# Layout blinds



## Moosehunter09 (Apr 15, 2014)

What is your favorite layout blind? Why? Anything to stay away from?


----------



## SDMAN (Mar 8, 2014)

All the blinds I am using right now are GHG ground force there my favorite. :strapped:


----------



## CrazyWalsh81 (Nov 30, 2011)

I prefer Avery Finishers because of the space and how they fold up for transport. When folded they can take some gear on them and don't fly around in the wind like alot of the others that stay large.

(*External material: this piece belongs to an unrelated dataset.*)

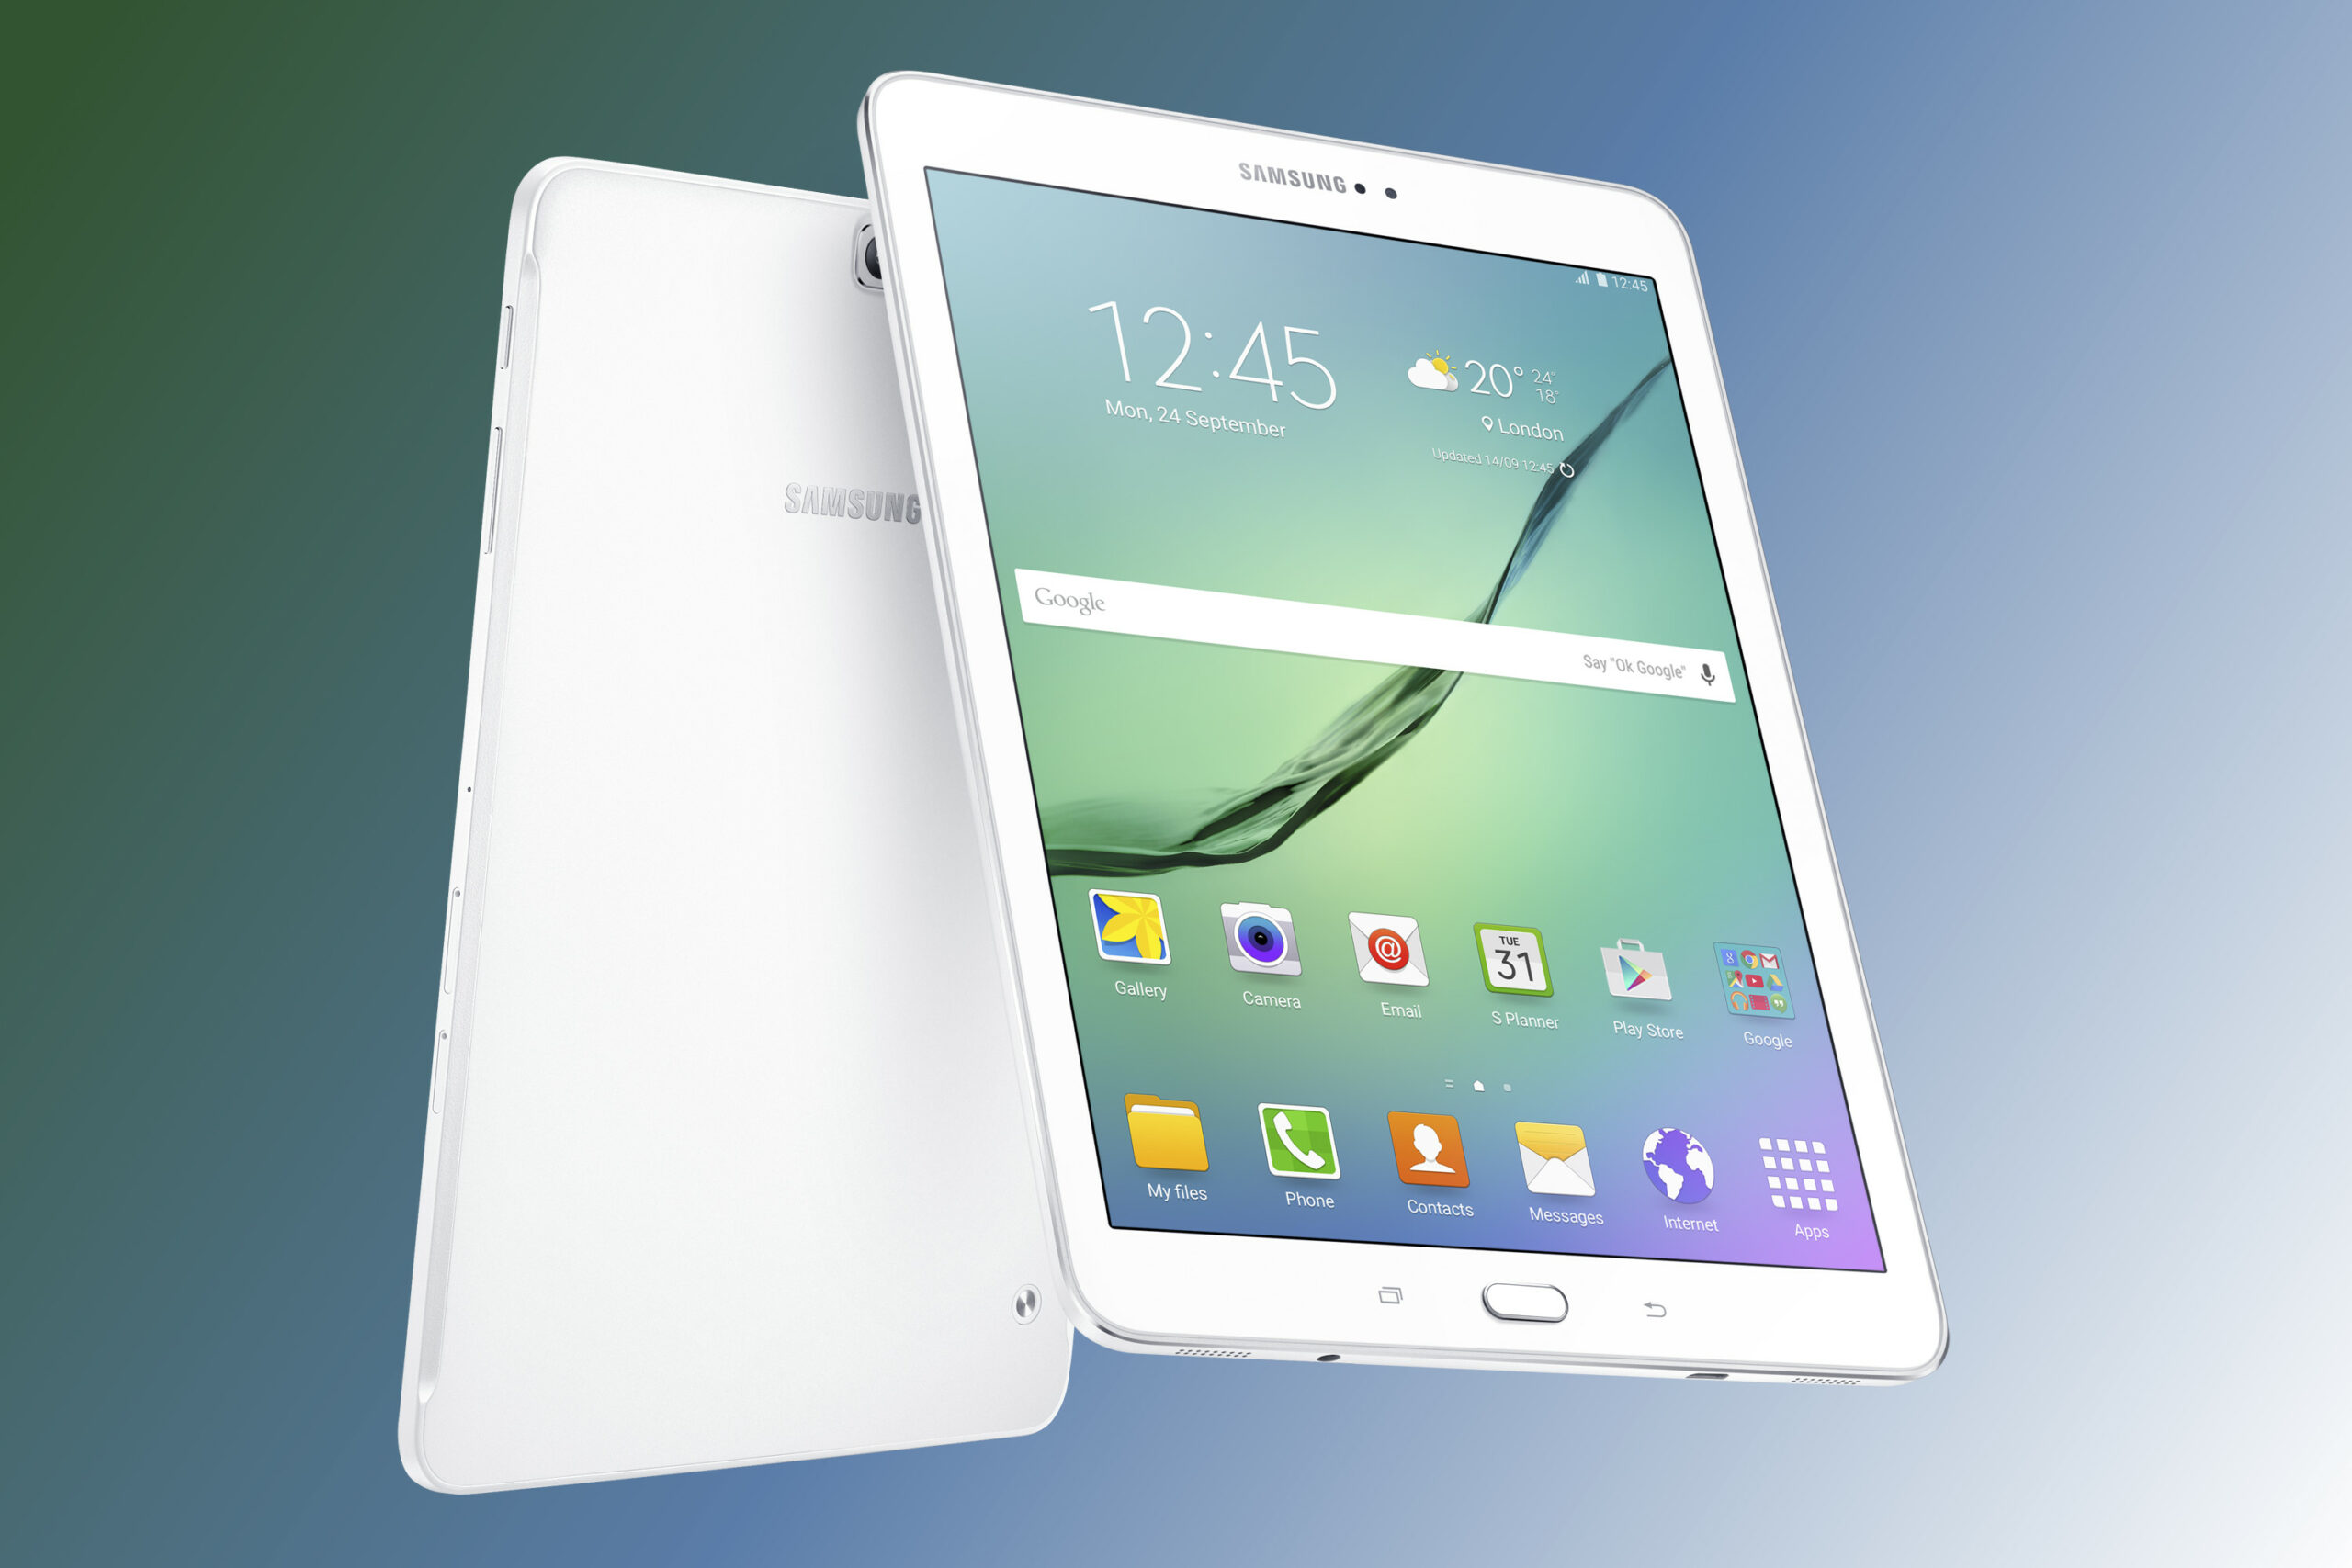 Samsung introduces Galaxy Tab S, a Super AMOLED tablet – Samsung

Many people want lower profile, but later in the year they all go back to a bigger blind. If I had to own only one this is it, I've owned three and still have two for use.


----------



## teamflightstoppersND (Feb 20, 2009)

Just bought a banded blind. Its pretty wide to cut he profile down. Lots of room to move around. May be a pain to stubble. The steel construction should hold up well.


----------



## SDMAN (Mar 8, 2014)

I don't like the most roomy blinds on the market, I would rather be harder to see, (for the geese) than a little more room.


----------



## fieldgeneral (Feb 12, 2013)

Ditch the blinds and go with Gillie-suits.


----------



## JethroBodine (Jan 5, 2013)

avery finisher all the way!


----------



## SDMAN (Mar 8, 2014)

GHG ground force is way faster for setting up.


----------



## makin it rain (Apr 2, 2009)

SDMAN said:


> GHG ground force is way faster for setting up.


I would agree. I find myself fighting the finisher and those side supports time and time again.


----------



## CrazyWalsh81 (Nov 30, 2011)

I guess to me I like the suitcase fold of the finisher for strength when packed in my trailer, I know nothing is going to break or bend and it is easier to carry into a field on a windy day...its not like having a paracute straped to your back. Pack in a blind, gun, bag, and decoy bags in high winds and you know what I am talking about. Plus it is pin free, the first Ground Force I had I lost a pin opening the box up.


----------